Tyler Abell (born 9 August 1932) is an American lawyer who briefly served as Chief of Protocol of the United States in the late 1960s.

Personal life
Abell is the child of Luvie Moore Abell and writer George Abell. When Abell was 5 years old, his mother and her new husband, columnist Drew Pearson, took custody of him while on the British island of Sark, claiming that George had taken the child overseas without his mother's permission. Abell later edited Drew Pearson Diaries, 1949-1959 (1974).

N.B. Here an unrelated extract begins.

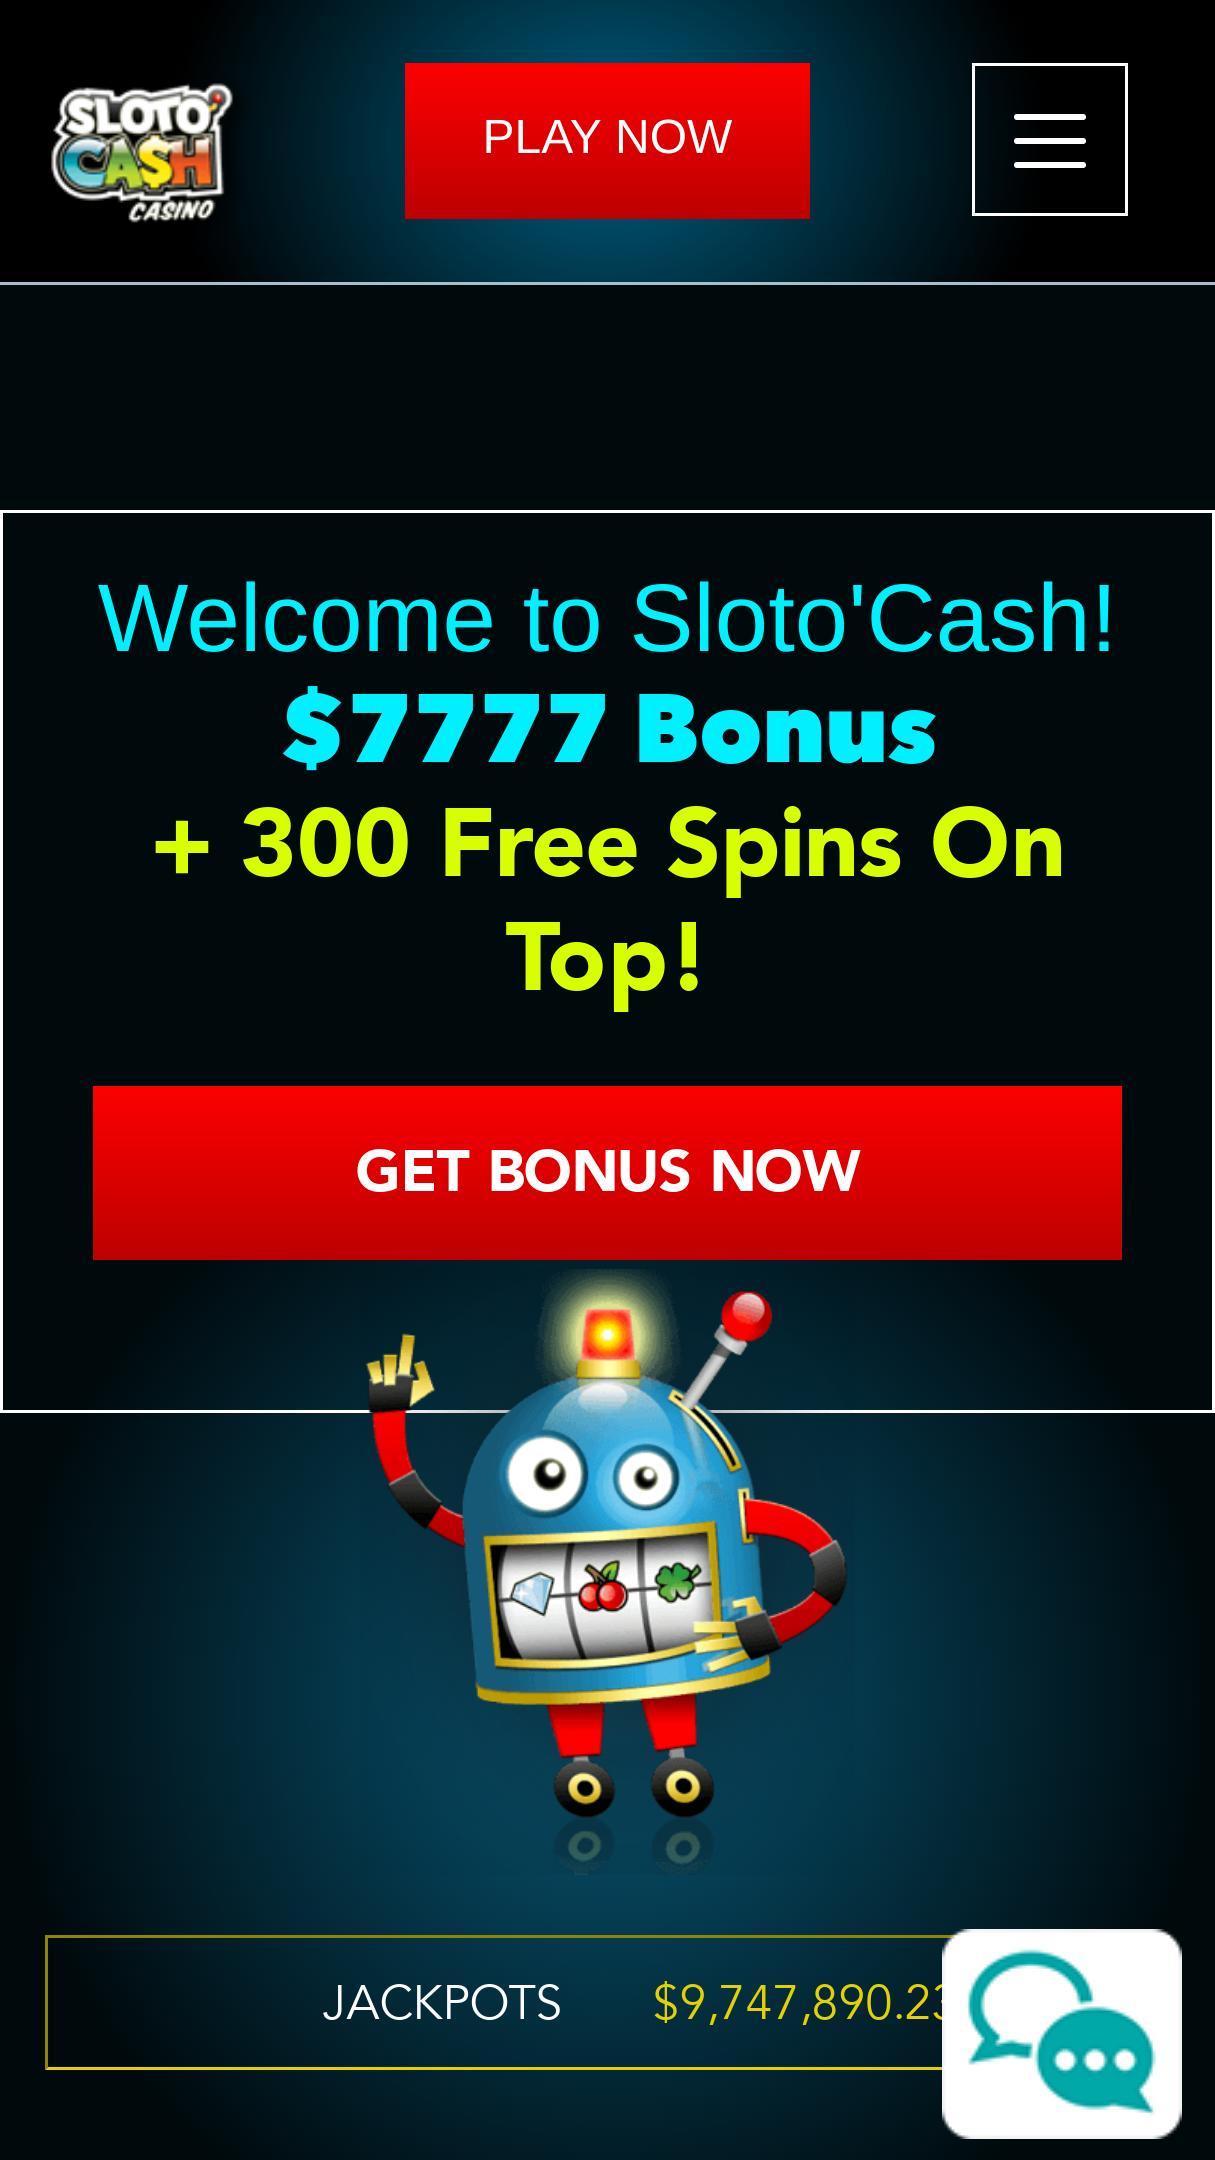 Slotocash No Deposit Code 2021

Abell was married to Bess Abell, until her death in 2020. She served as White House Social Secretary under President Lyndon B. Johnson. They were close personal friends with Johnson and his wife, Lady Bird Johnson, who hosted Abell's wedding reception.

Career
On September 25, 1968, President Lyndon B. Johnson named Abell to become Chief of Protocol at the U.S. State Department, and he took office less than a week later. Abell resigned on January 20, 1969, after Richard Nixon won the presidential election and the Democratic Party lost control of the White House. Nixon named Emil Mosbacher, Jr. to succeed Abell as Chief of Protocol.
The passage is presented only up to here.